Es stellt sich die Frage, wie unterbewertet ich tatsächlich bin. Ich sehe viele wacke Rapper, die mehr Aufmerksamkeit in gewissen Bereichen erhalten, aber nicht in denen, in welchen ich sein will. Ich bin zufrieden mit meiner Position. Schau dir andere unterbewertete Künstler an: Kool G Rap – ich glaube ich erwähne ihn in jedem Interview – oder Tragedy Khadafi. Das sind zwei der besten Rapper aller Zeiten und wer erwähnt sie in ihren Top10 Listen? Viele meinen, dass Kool G Rap nur in den Achtzigern dope war, dabei ist er auch der beste Rapper der letzten zehn Jahre. Es gibt grossartige Lyricists wie Sean Price, Killah Priest, Timbo King oder Hell Razah die von vielen ignoriert werden, während schlechte Rapper Erfolge feiern. Aber das ist immer Teil der Kultur. Bei einer Kultur geht es nicht um Marketing. Ist „Avatar“ der beste Film aller Zeiten? Nein! Aber derjenige, der am meisten Aufmerksamkeit bekommt.

In einem Interview hast du gesagt, HipHop sei dazu da, dass arme Leute sich ausdrücken können und nicht, um reiche Menschen glücklich zu machen. Würdest du also sagen, dass HipHop nicht für jedermann ist?
Jeder kann sich Rap-Musik anhören. Es ist völlig in Ordnung, wenn sich reiche Leute HipHop-Alben kaufen. Mir ging es darum, dass man die reichen Leute nicht bedienen soll, also die Musik so anpasst, dass sie es mögen. Ich kann es nicht akzeptieren, wenn man seine eigenen Leute verleugnet, nur um andere glücklich zu machen. Mich stört es auch nicht, wenn Jay-Z davon spricht, wie er die Korken knallen lässt – denn er lebt dieses Leben. Mich stört es, wenn die Kunst verwässert und vereinfacht wird. HipHop und Partymusik gehören seit jeher zusammen, aber nicht auf Kindergarten-Niveau.

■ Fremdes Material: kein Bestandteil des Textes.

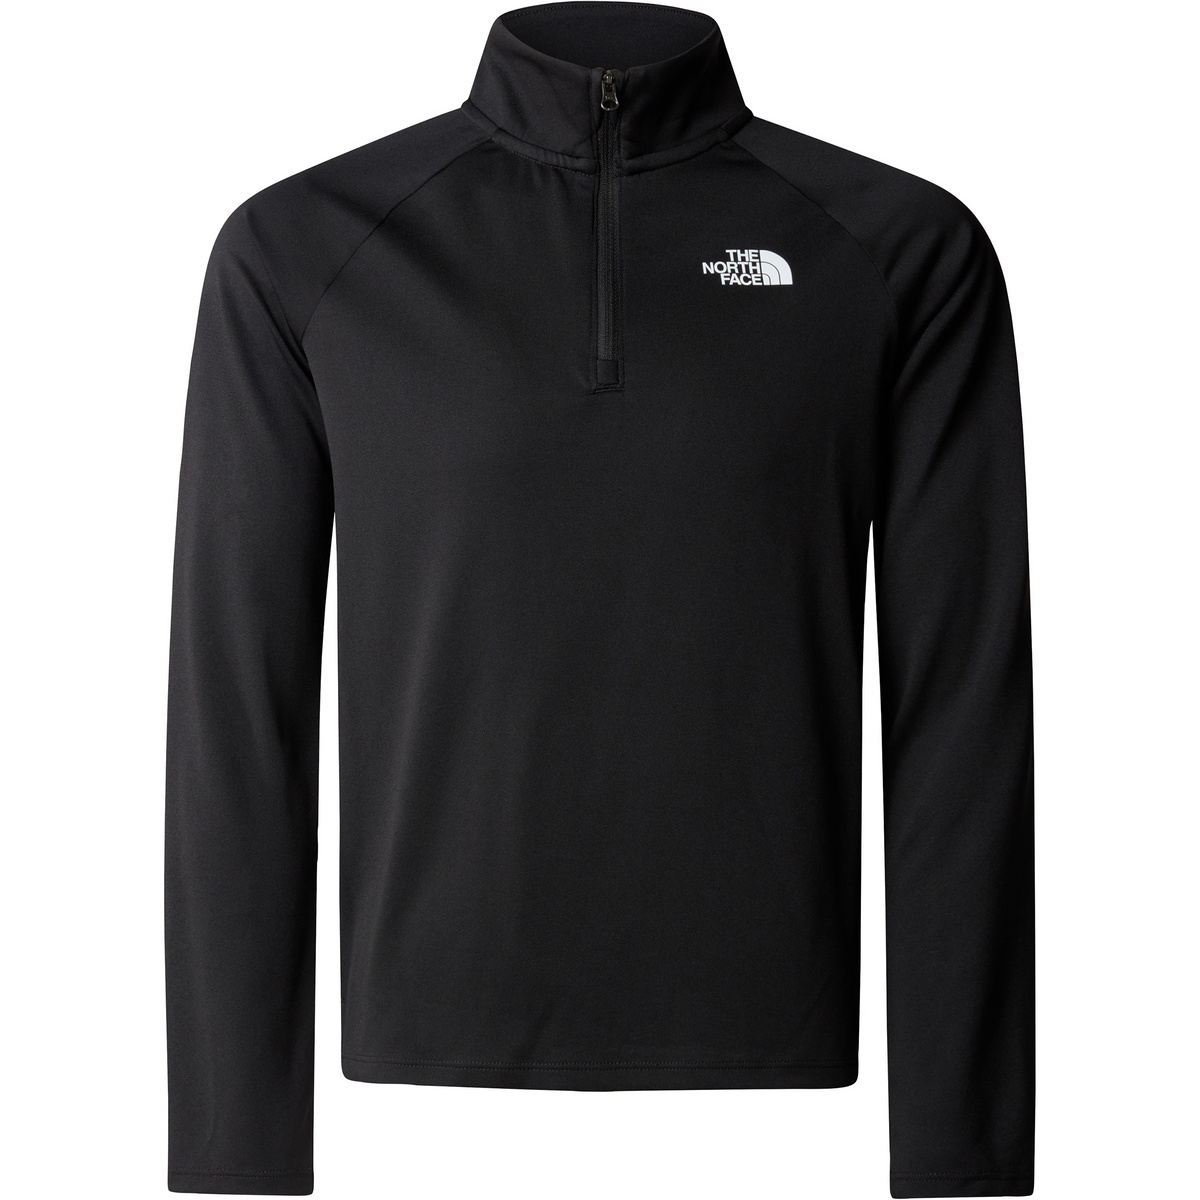 Image of The North Face Bambino Maglia a manica lunga 1/4 zip Never Stop

Es wird viel über deine Skandale und deinen geistigen Zustand geredet. Stört dich das oder akzeptierst du es einfach als dein Image?
Es ist nicht wirklich ein Image, denn alles basiert auf der Realität und auf den harten Zeiten, die ich in meinem Kopf durchlebt habe. Ich will auch nie mehr zu dieser Zeit und den Gedanken zurück. Meine psychische Verfassung war in den letzten zehn Jahren sehr stabil und deshalb war das auch eine sehr glückliche Zeit für mich. Ich konnte einen Teil dieses Images abschütteln. Wenn du mich heute anschaust, sehe ich jünger und gesünder aus als vor zehn Jahren, da sich meine Verfassung extrem verbessert hat.